Thursday, December 8, 2011

Running TinkerCell from USB

To store all the settings in a USB drive, do this:
  1. Use Settings -> "Export current settings" to export "settings.ini"
  2. Copy the "settings.ini" file to the same location as TinkerCell (on the Mac, this will be TinkerCell.app/Contents/MacOS)
  3. Now the TinkerCell application folder is self-contained. Copy it on a USB drive. That's all.
What exactly is this doing?
The "settings.ini" stores settings such as window position and sizes, catalog items to display, plot line colors, and so on. Usually, these settings are stored on the computer where TinkerCell runs, but the export option described above can be used to save and load the settings from a file. TinkerCell will first check if there is a "settings.ini" file; if not, then it will load settings from the local machine. So, if you distribute TinkerCell on a USB with the "settings.ini" file, then everyone who copied TinkerCell from that USB drive will have the same settings.

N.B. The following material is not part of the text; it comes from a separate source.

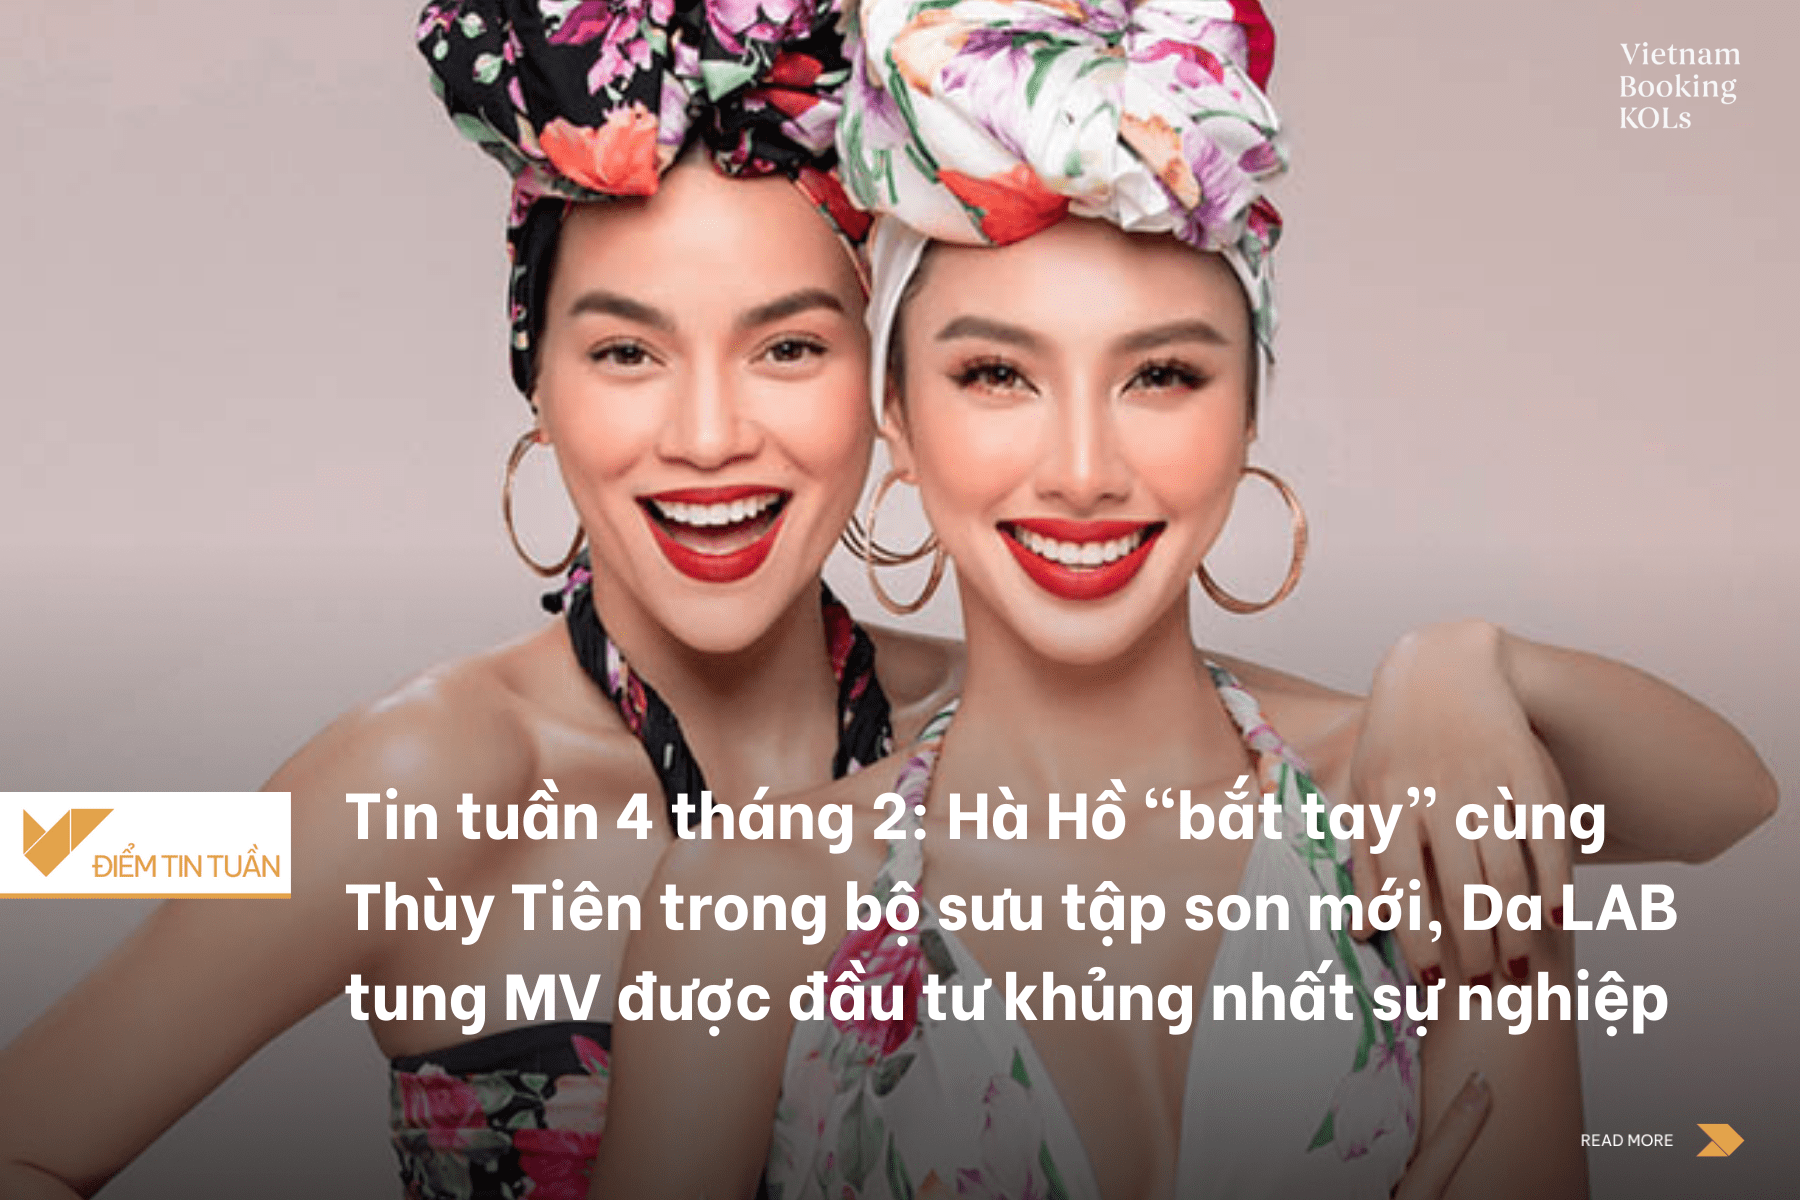 Tin tuần 4 tháng 2: Hà Hồ “bắt tay” cùng Thùy Tiên trong bộ sưu tập son mới, Da LAB tung MV được đầu tư khủng nhất sự nghiệp

Careful when using dual-monitor: The settings file also includes window positions, so if you use a dual-monitor setup, be sure that the TinkerCell window is on the first monitor. Otherwise, it will load outside the screen when you load it in another computer without a second monitor. 




Friday, November 25, 2011

Simple animation based on simulated result


The tc_setAlpha function allows C, Python, Octave plugins to change the transparency of items on the screen. This "Shade after Simulation" python plugin uses this function to perform a simple animation based on simulated data (or any other data that has been plotted). See the end of the plugins documentation for the code.

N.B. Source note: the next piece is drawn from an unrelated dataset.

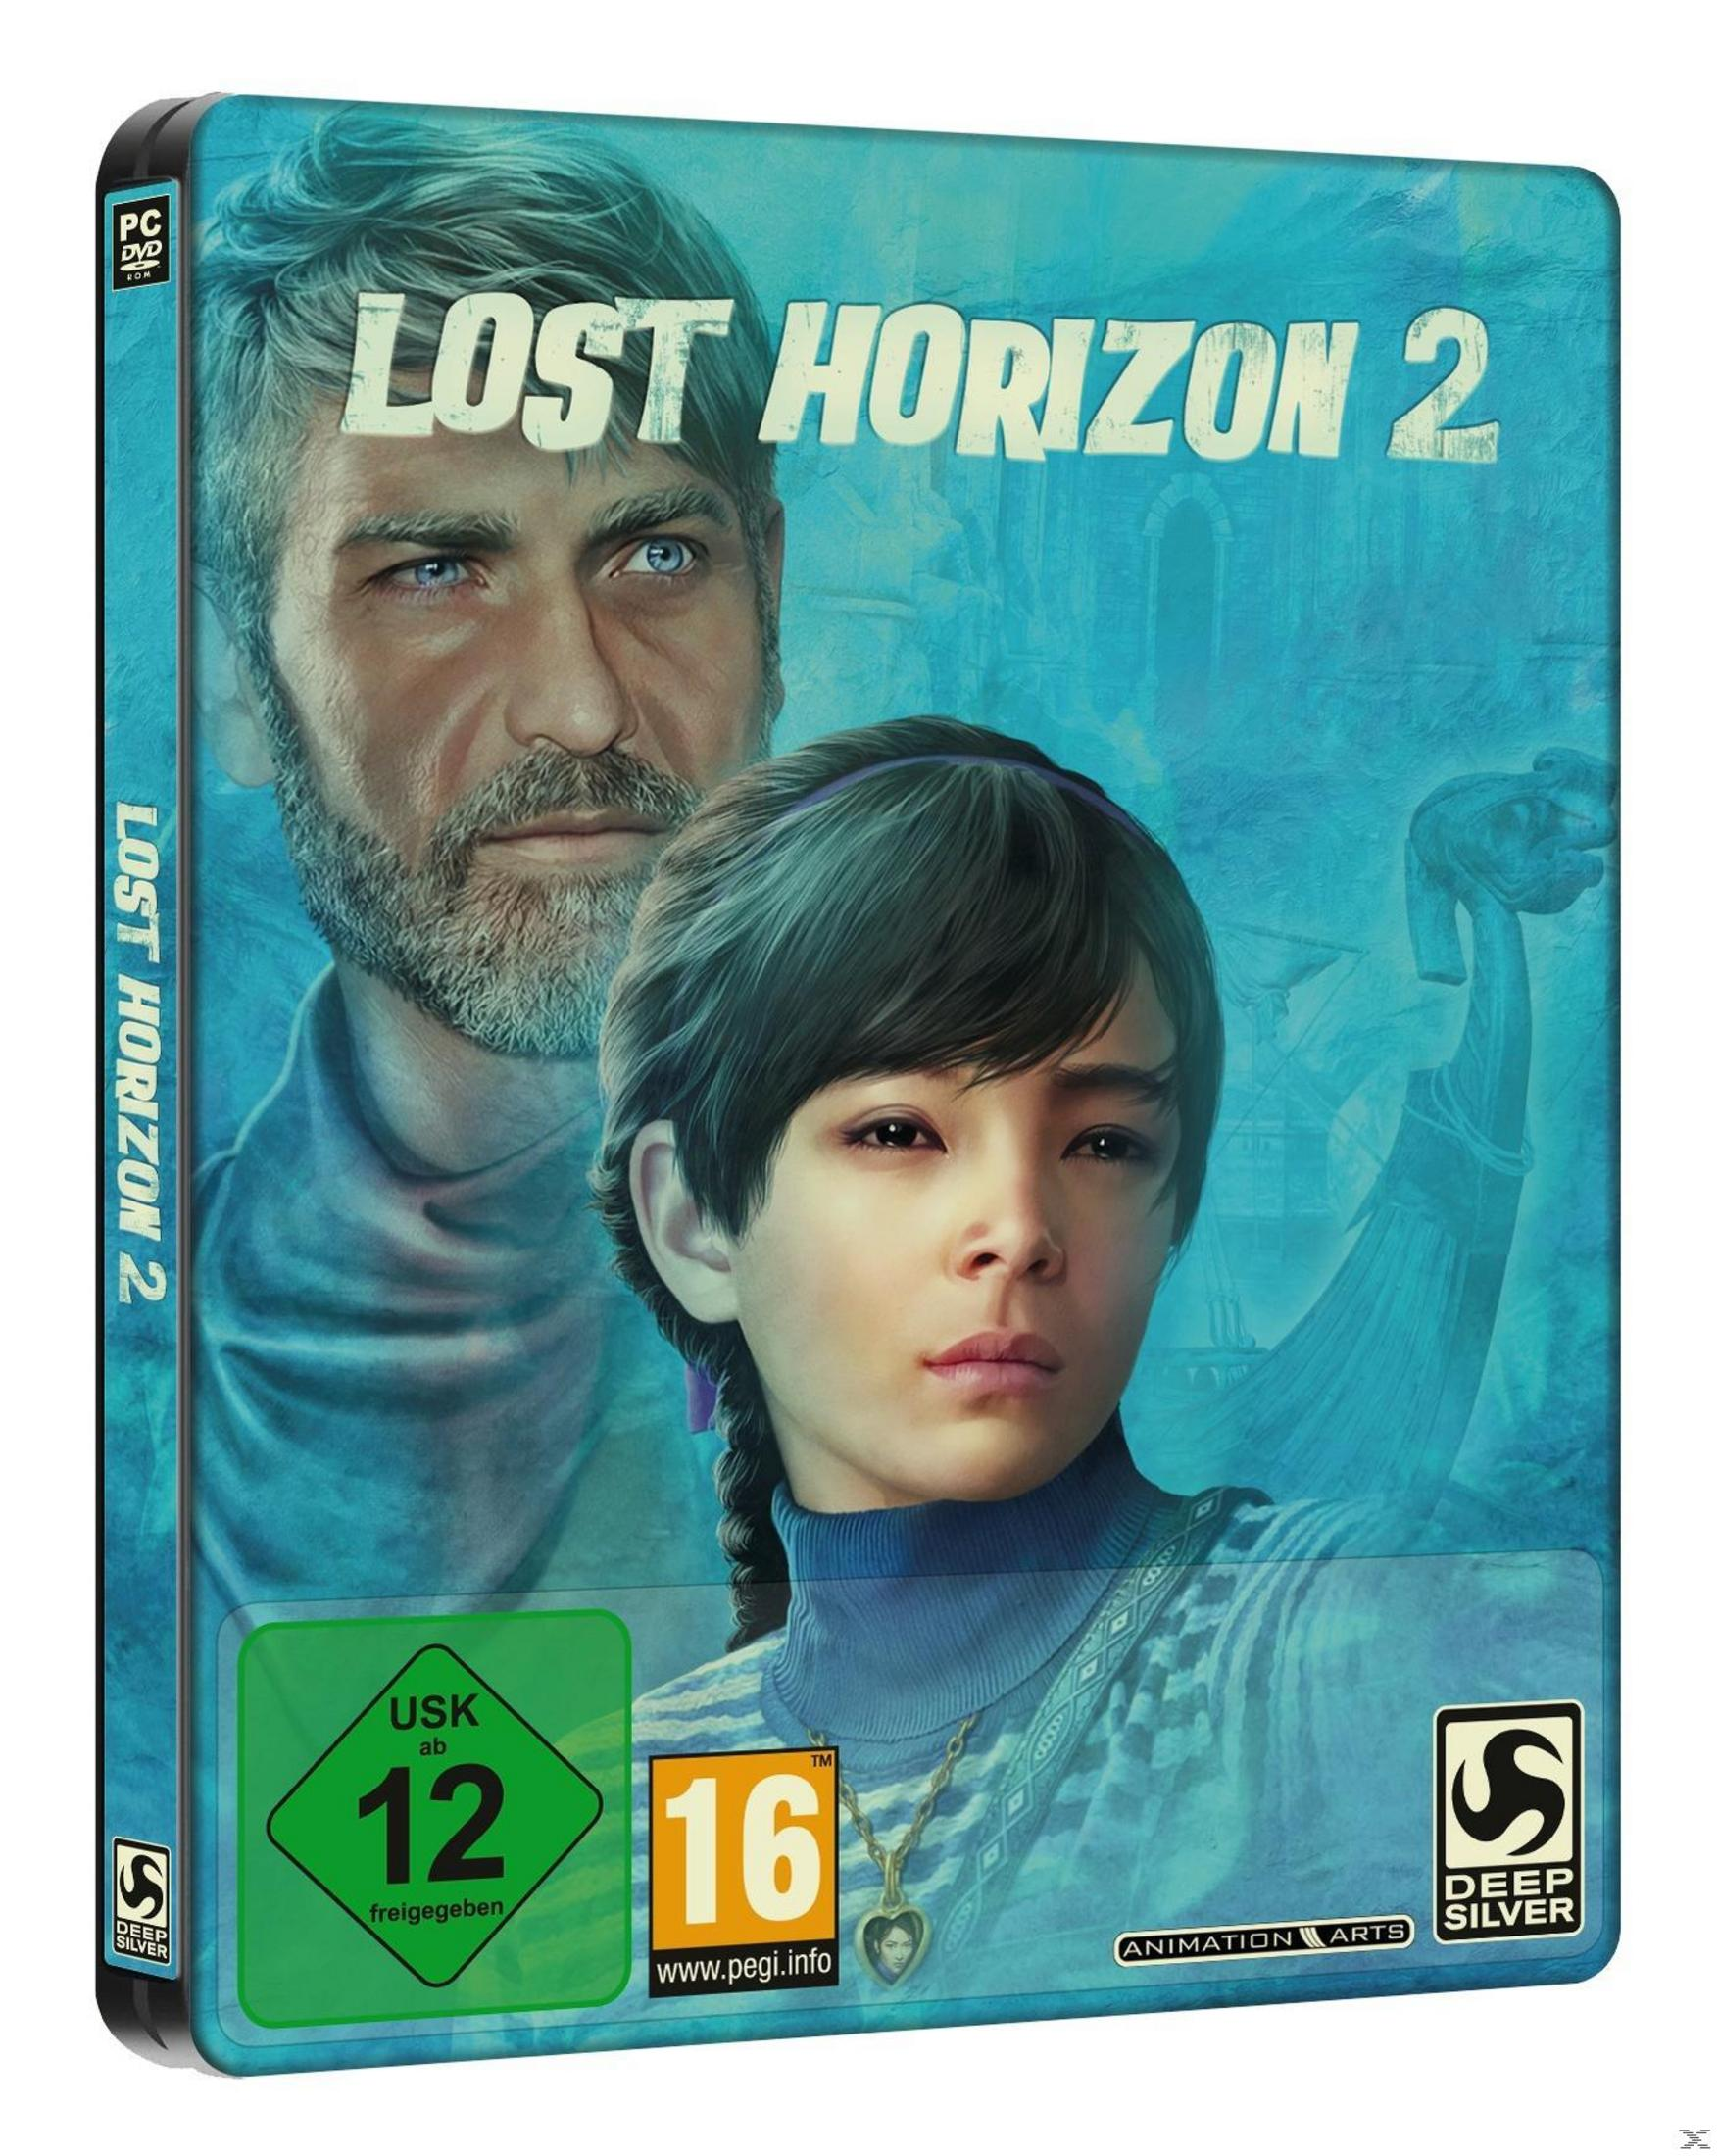 Lost Horizon 2 - Limitierte Steelbook Erstauflage [PC]

Thursday, November 10, 2011

Tuesday, September 13, 2011

SBML and Antimony as modules

The modular framework in TinkerCell is designed to support practically any format that can be loaded into TinkerCell. As a consequence, Antimony and SBML files can be used as modules. In the schreenshot below, a TinkerCell oscillator module is modeled using an Antimony script. The modular framework maps variables in the Antimony script to variables in the conceptual model.

Friday, September 2, 2011

Same network, different behaviors

Since TinkerCell decouples the notion of a "biological network", or system, from the actual mathematical model, it is possible to generate multiple models of the same system. The screenshot below is of an enzyme with two states, enz1 and enz2. Both states are auto-catalytic. Because of this dual positive feedback, one would guess that the system would become bistable. However, this system is bistable only for certain model implementations. If steady state assumptions are used in the model, then the system is bistable. If mass-action kinetics is used, we see that the intermediate states of the enzyme catalysis process are not really in steady state, and in such models, the bistability also disappears. 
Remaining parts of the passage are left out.